The units focused on the process of becoming president - qualifications and duties, candidates, campaigning, conventions, voting, election day, and inauguration. All had very nice visuals and worksheets to go with them, so we didn't have to make any of my own to use. Bonus!!
We saw a few units on TpT that dealt with candy bar elections. They were pretty good, but we wanted to make some changes and take things a step further. We started out by choosing two parties of six candy bars. We tried to balance out the more popular ones, and then we stuck in one or two that were less popular or even unknown by the students. Students then decided with which party they most aligned.
The next day we held caucuses. That's what we do in our state, and every other unit suggested a primary. Caucuses are more fun for the kids, anyway, because they get to move around. I hosted one party's caucus, and the other social studies teacher hosted the other party's caucus since we both had third, fifth, and seventh hour classes. That allowed students to mix with other classes. They were able to see what it was like when they were the only one supporting their candidate or what it felt like to be part of the majority. Students chose one delegate for every four students for their candidate.
The following day was the national convention, where we were able to gather all 120ish kids at the same time for a few minutes. We divided back into our parties and the delegates came up front to announce for whom they cast their delegate vote. Luckily, both candidates got the majority of their party's delegate votes. Our presidential candidates were Kit Kat and Reese's Peanut Butter Cups.
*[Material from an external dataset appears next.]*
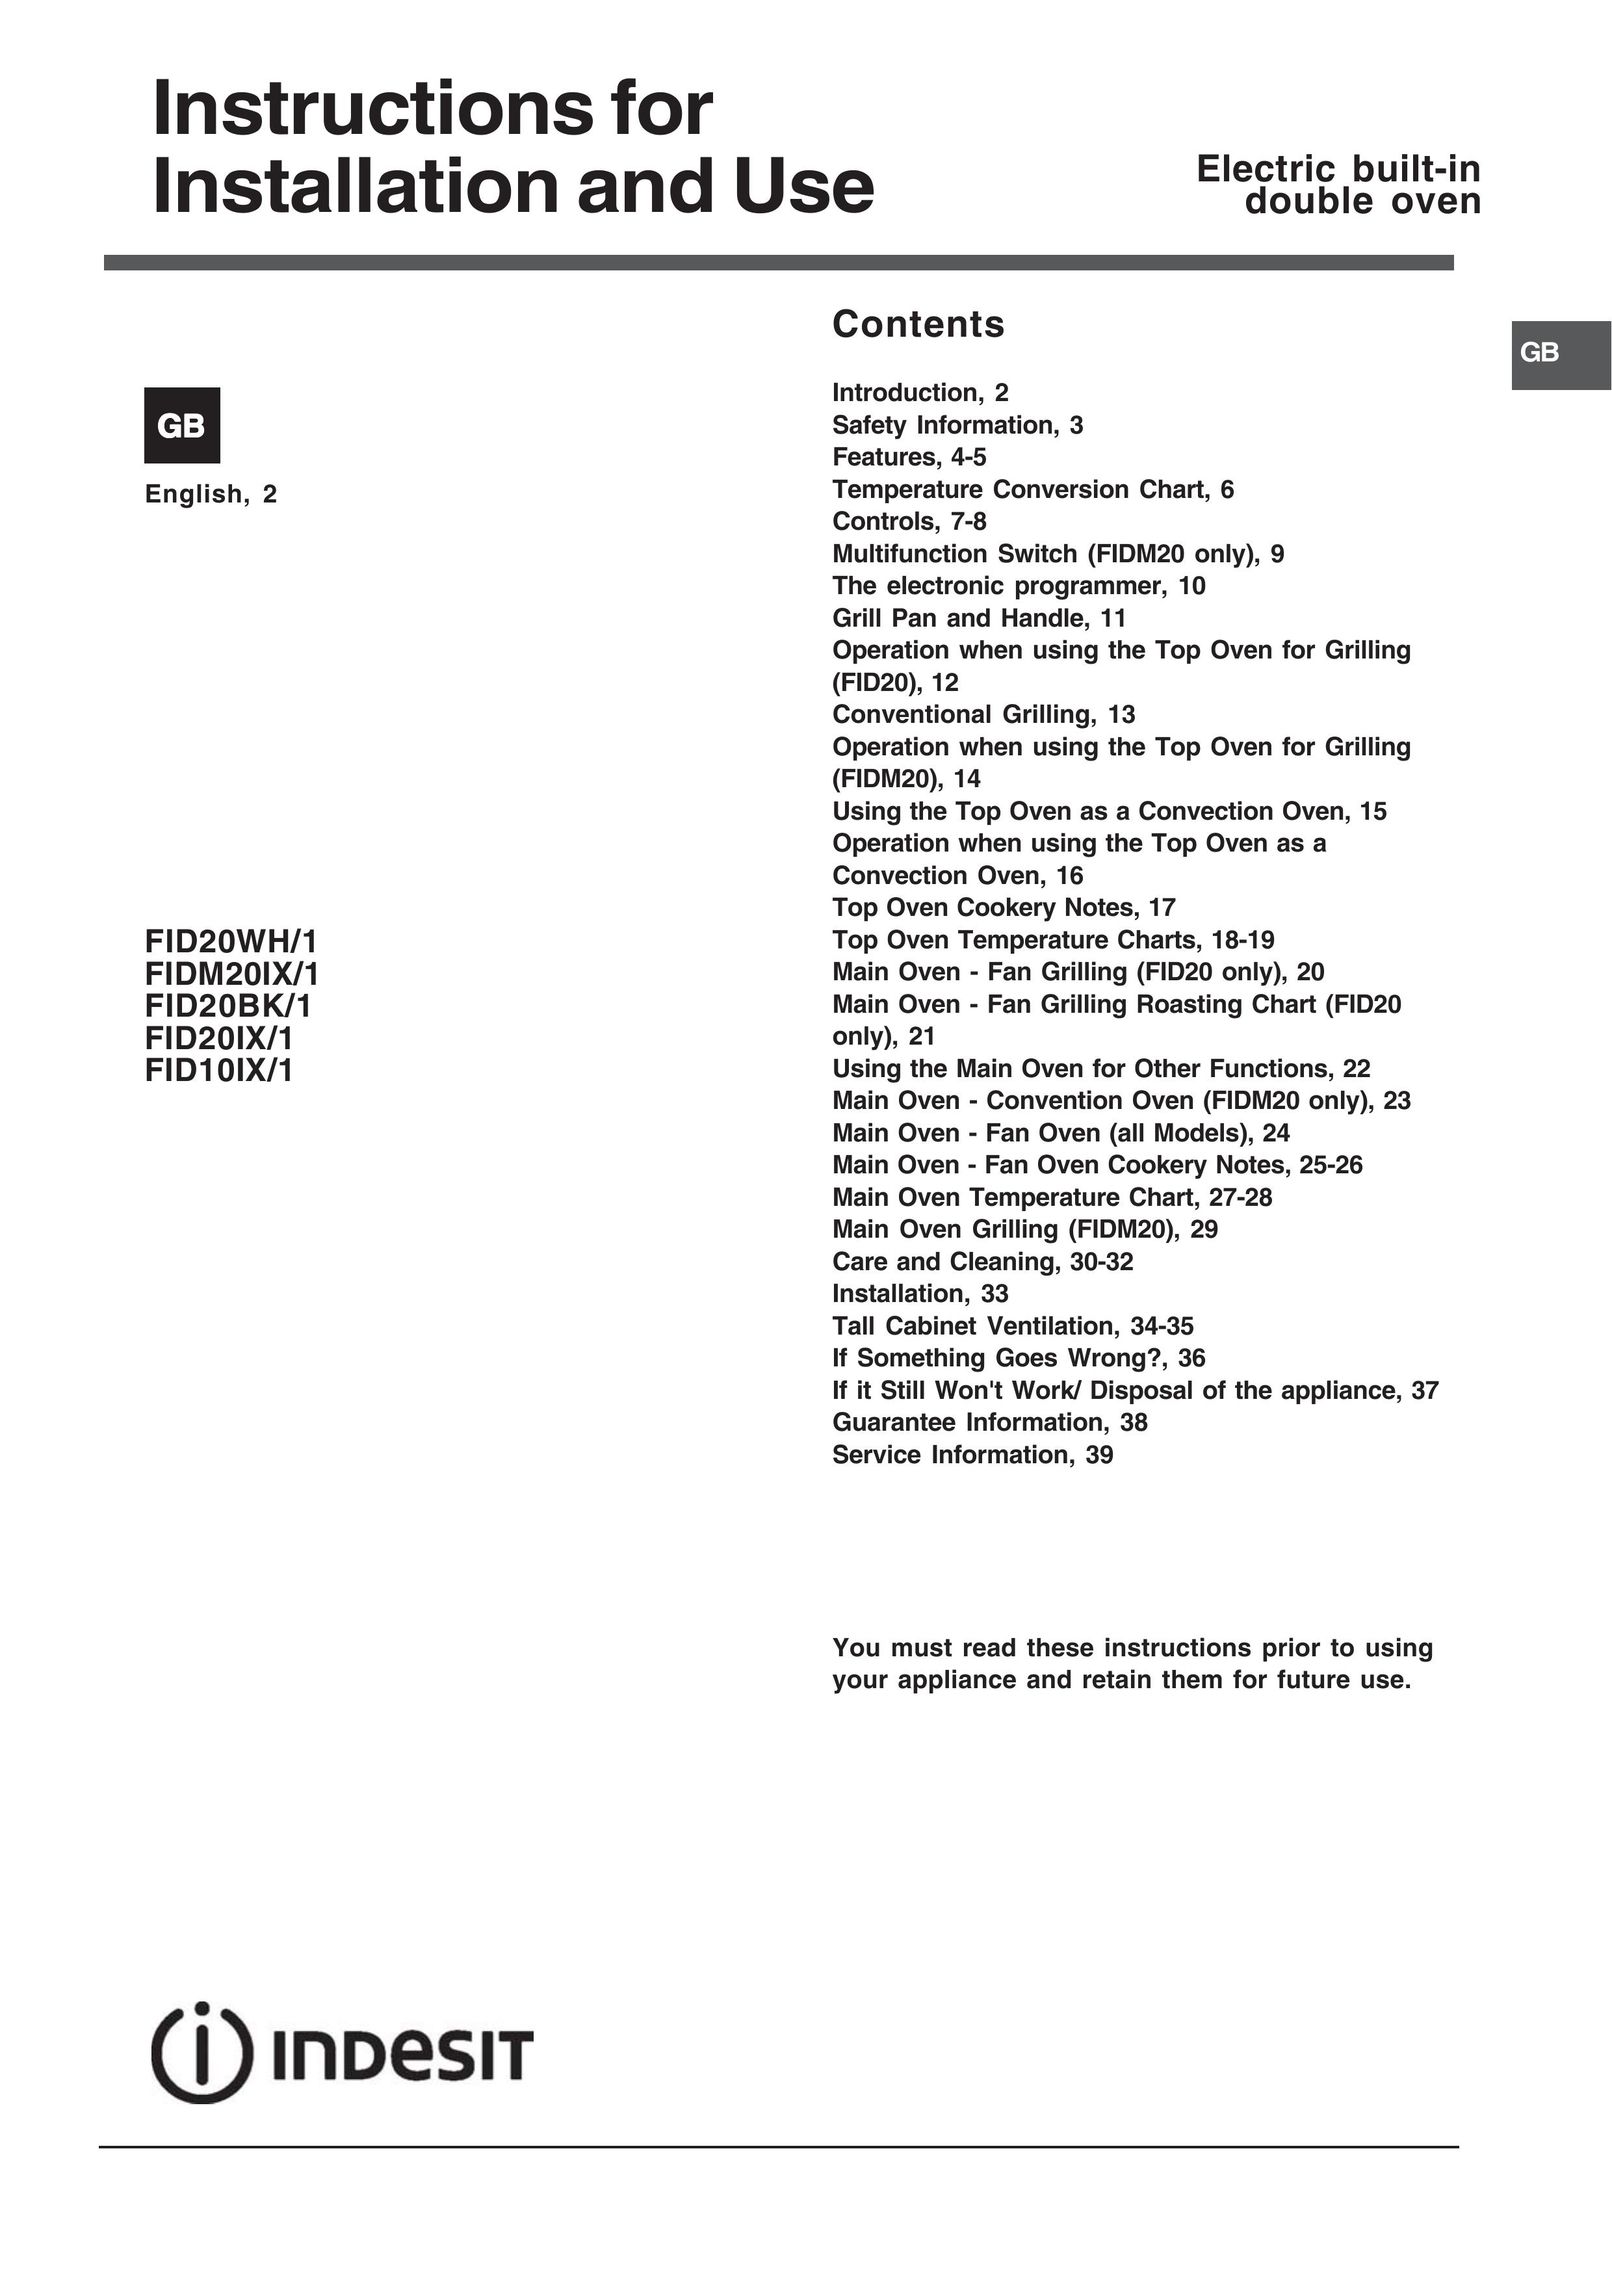 Indesit FID20IX/1 Double Oven User Manual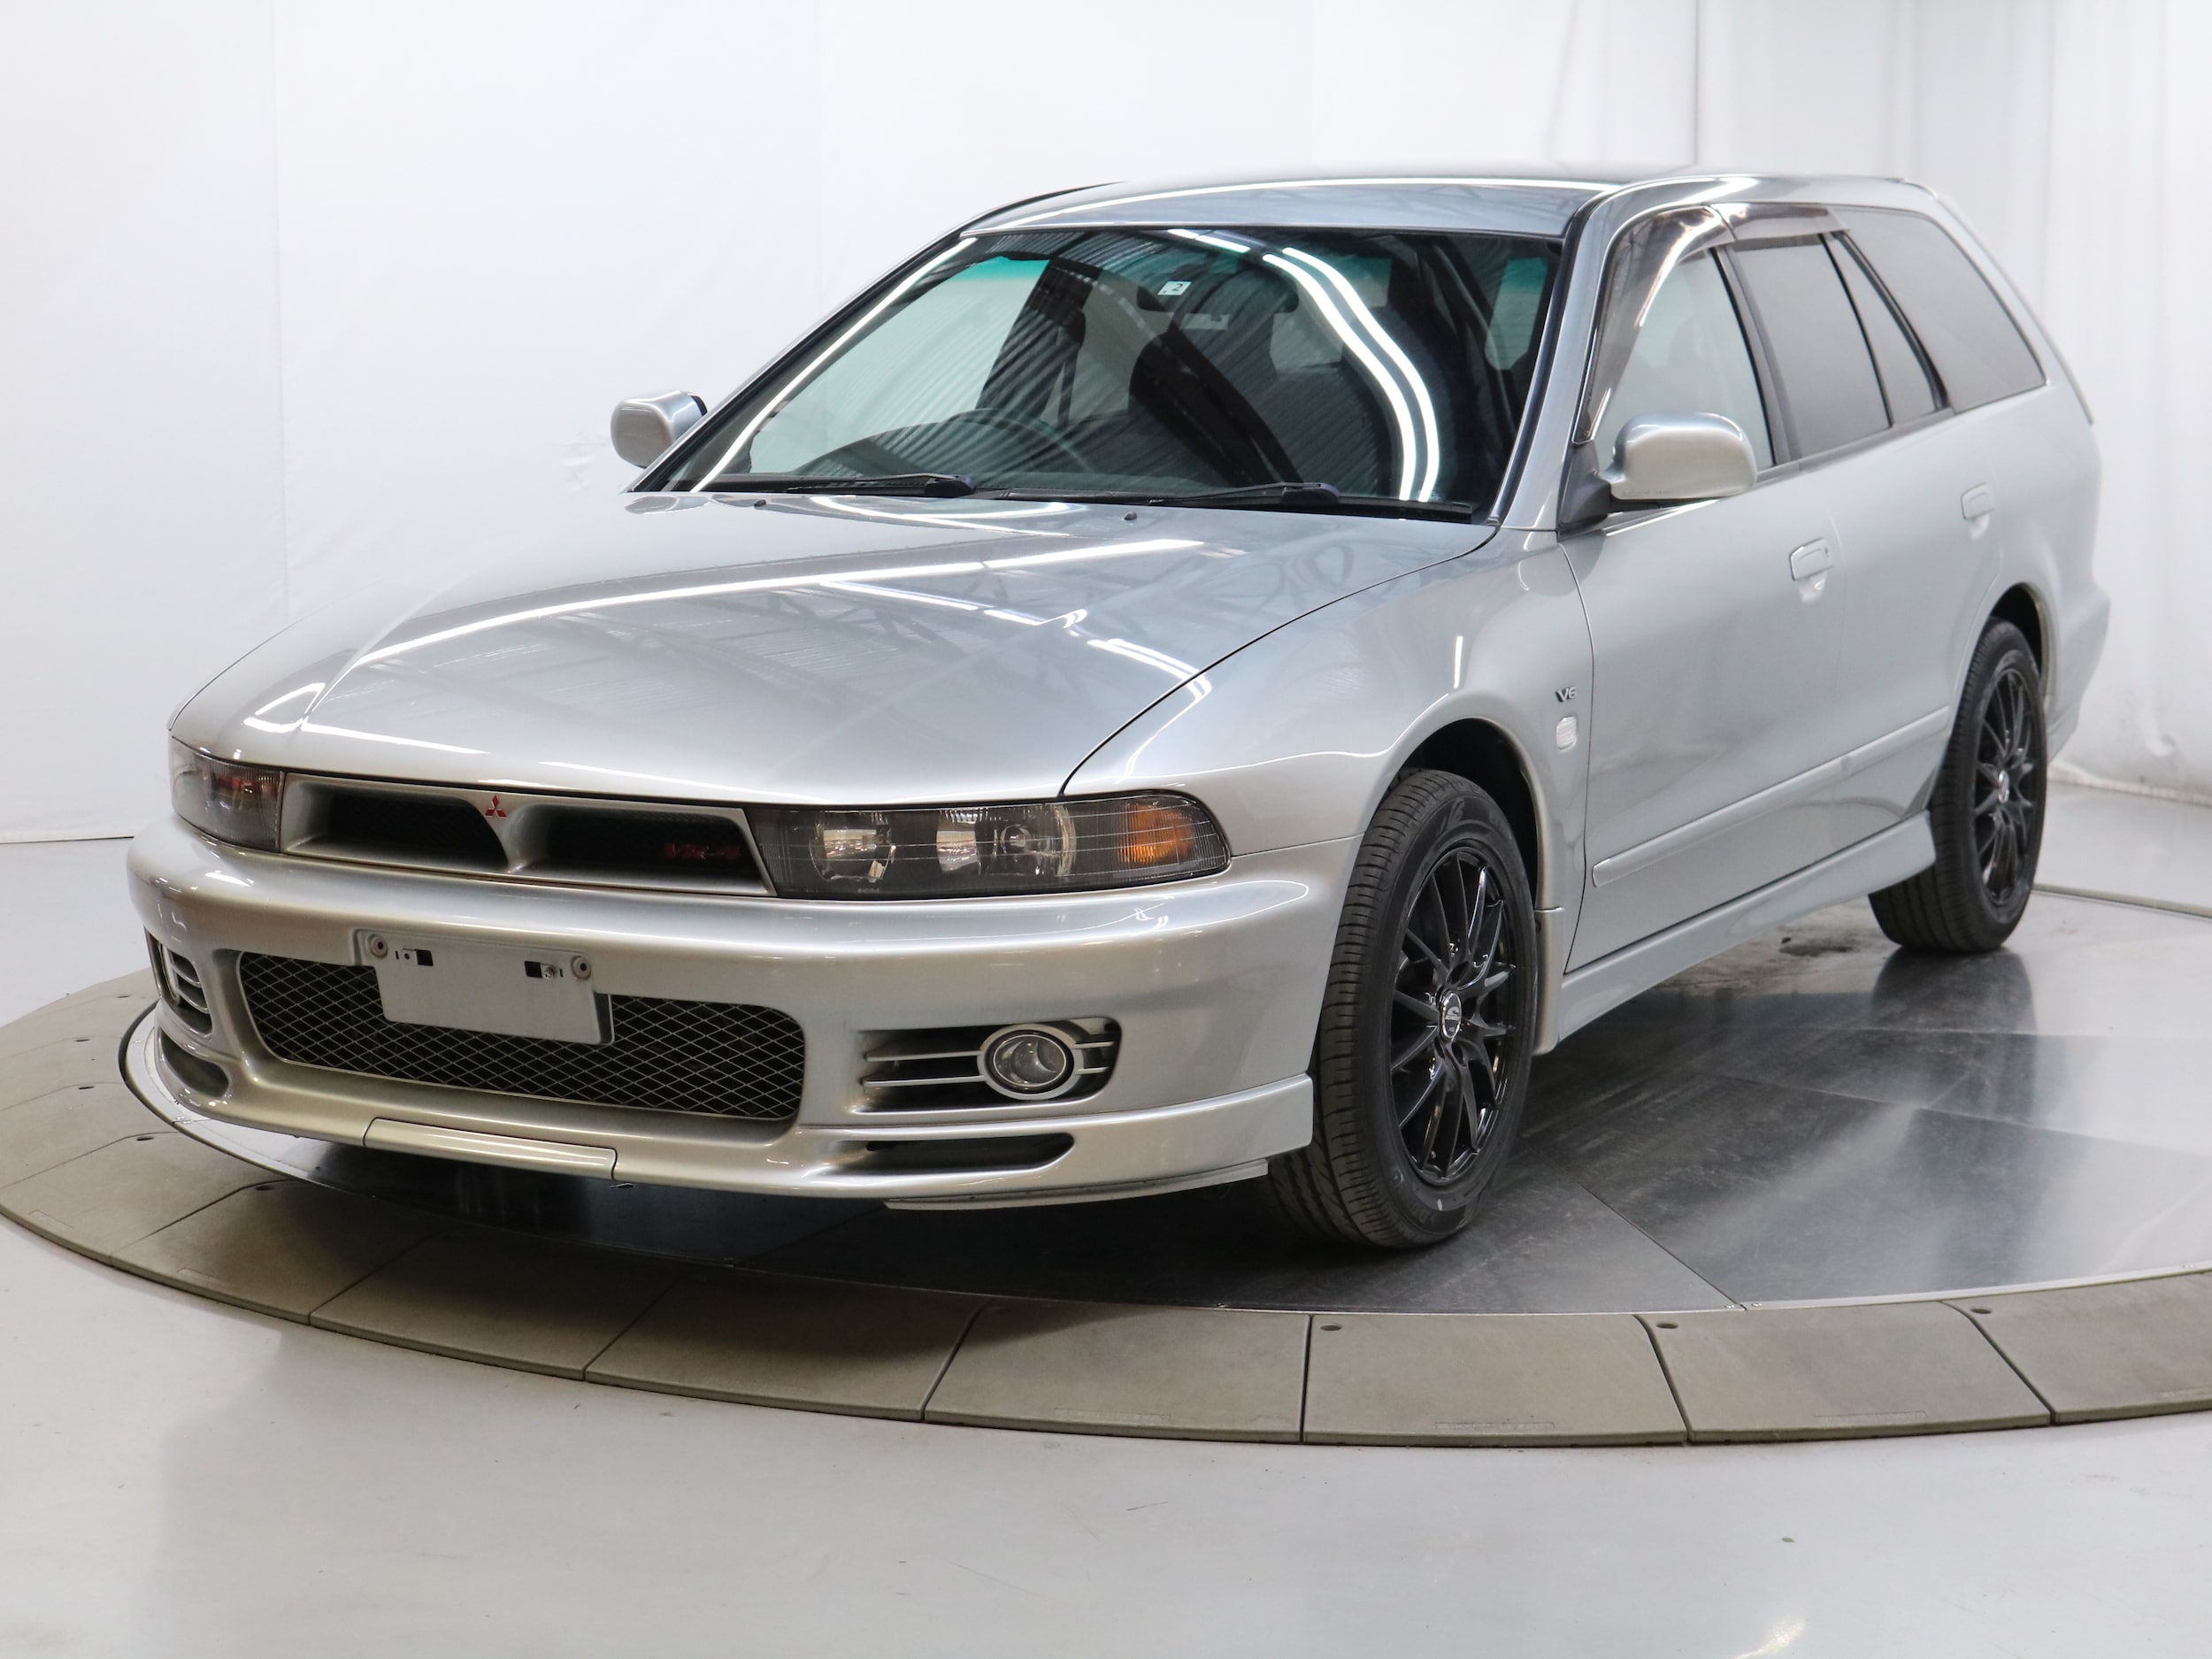 1998 Mitsubishi Legnum 2

After national convention, we went over the electoral college with a game from one of the TpT units. We announced how we would apply this to our candy elections. The "states" would be the first letter of the students' last names. We posted each letter and how many students had that last name. So if thirteen kids had last names beginning with D, whichever candidate got the most votes in their "state" would get all thirteen electoral votes. Their minds were blown! So then we talked strategy, like doing polls to see if they had to waste time on a certain letter or not. How would they handle groups that only had one person because their vote would count automatically? What if your group has an even number, like two? It would be in your best interest to vote the same as each other or your vote wouldn't help either candidate.
We had two days of campaigning, and we referred to the list of ways that we had seen political candidate get their names out this year. We figured out what we could do in our school, and what we probably couldn't pull off. They actually came up with some surprising ways that they could do those things as well.
Halloween, aka Election Day, arrived, and the excitement of the election overshadowed the holiday, especially since our school Halloween mixer was last Friday. We set up a couple of voting booths in our rooms by using stand-up desks and privacy shields. They had to show us their voter registration cards for which they applied earlier in the week. We checked them off and coded the ballot with the first letter of the students' last names. They did their voting thing and we gave them a cute little I Voted sticker (and I forgot to turn off the gridlines before printing - d'oh!). As the votes came in throughout the day, we updated the electoral votes from "states" where everyone had voted.
Out of the three-week election unit, the candy portion lasted about seven days. I think that this is the hardest that I've worked on a unit in a long, long time, but the lessons my students learned made it worth the effort. I feel pretty good that they'll somewhat understand what is going on next Tuesday and how those candidates got there.